In-place updates and serializable transactions

From: Kuntal Ghosh <kuntalghosh(dot)2007(at)gmail(dot)com>
To: PostgreSQL-development <pgsql-hackers(at)postgresql(dot)org>
Cc: Kevin Grittner <kgrittn(at)gmail(dot)com>, Heikki Linnakangas <hlinnaka(at)iki(dot)fi>, pgsql(at)j-davis(dot)com, joe(dot)conway(at)crunchydata(dot)com
Subject: In-place updates and serializable transactions
Date: 2018-11-14 04:45:43
Message-ID: CAGz5QCJzreUqJqHeXrbEs6xb0zCNKBHhOj6D9Tjd3btJTzydxg@mail.gmail.com
Views: Raw Message | Whole Thread | Download mbox | Resend email
Thread:
Lists: pgsql-hackers

Hello hackers,

Currently, we're working on the serializable implementations for
zheap. As mentioned in README-SSI documentation[1], there is one
difference in SSI implementation of PostgreSQL that can differentiate
the conflict detection behaviour with other storage engines that
supports updates in-place.

The heap storage in PostgreSQL does not use "update in place" with a
rollback log for its MVCC implementation. Where possible it uses
"HOT" updates on the same page (if there is room and no indexed value
is changed). For non-HOT updates the old tuple is expired in place and
a new tuple is inserted at a new location. Because of this
difference, a tuple lock in PostgreSQL doesn't automatically lock any
other versions of a row. We can take the following example from the
doc to understand the situation in more detail:

T1 ---rw---> T2 ---ww--->T3

If transaction T1 reads a row version (thus acquiring a predicate lock
on it) and a second transaction T2 updates that row version (thus
creating a rw-conflict graph edge from T1 to T2), must a third
transaction T3 which re-updates the new version of the row also have a
rw-conflict in from T1 to prevent anomalies? In other words, does it
matter whether we recognize the edge T1 --rw--> T3? The document also
includes a nice proof for why we don't try to copy or expand a tuple
lock to any other versions of the row or why we don't have to
explicitly recognize the edge T1 --rw--> T3.

In PostgreSQL, the predicate locking is implemented using the tuple
id. In zheap, since we perform updates in-place, we don't change the
tuple id. So, in the above example, we easily recognize the edge
T1--rw--> T3. This may increase the number of false positives for
certain cases.
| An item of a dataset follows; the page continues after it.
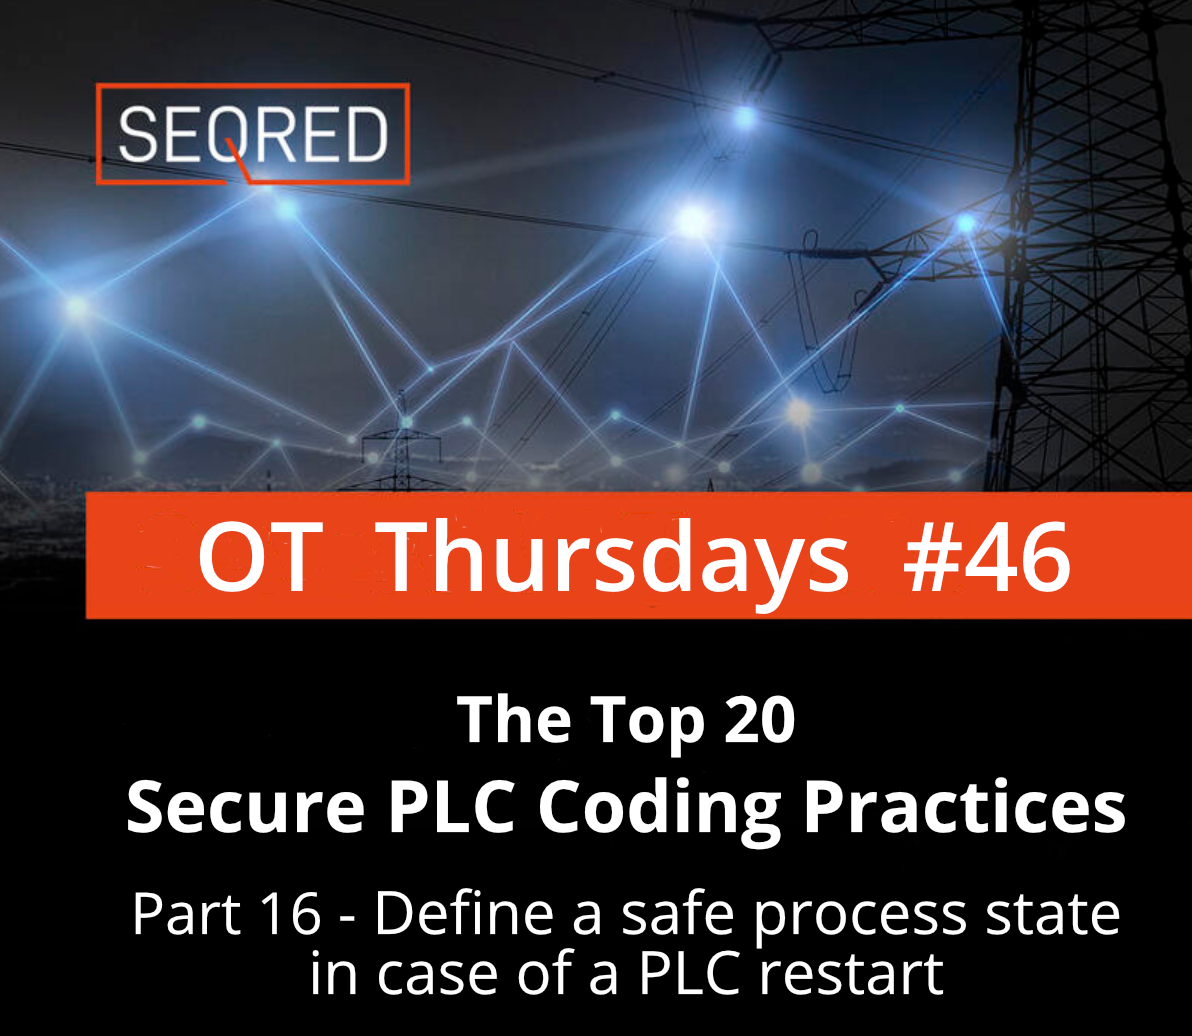 The Top 20 Secure PLC Coding Practices. Define a safe process state in case of a PLC restart

In the above example, if we introduce another
transaction T4 such that T3 --rw--> T4 and T4 gets committed first,
for zheap, T3 will be rolled back because of the dangerous structure
T1 --rw--> T3 --rw--> T4. But, for heap, T3 can be committed(isolation
test case [2]). IMHO, this seems to be an acceptable behavior.

In brief, due to in-place updates, in some cases, the false positives
may increase for serializable transactions. Any thoughts?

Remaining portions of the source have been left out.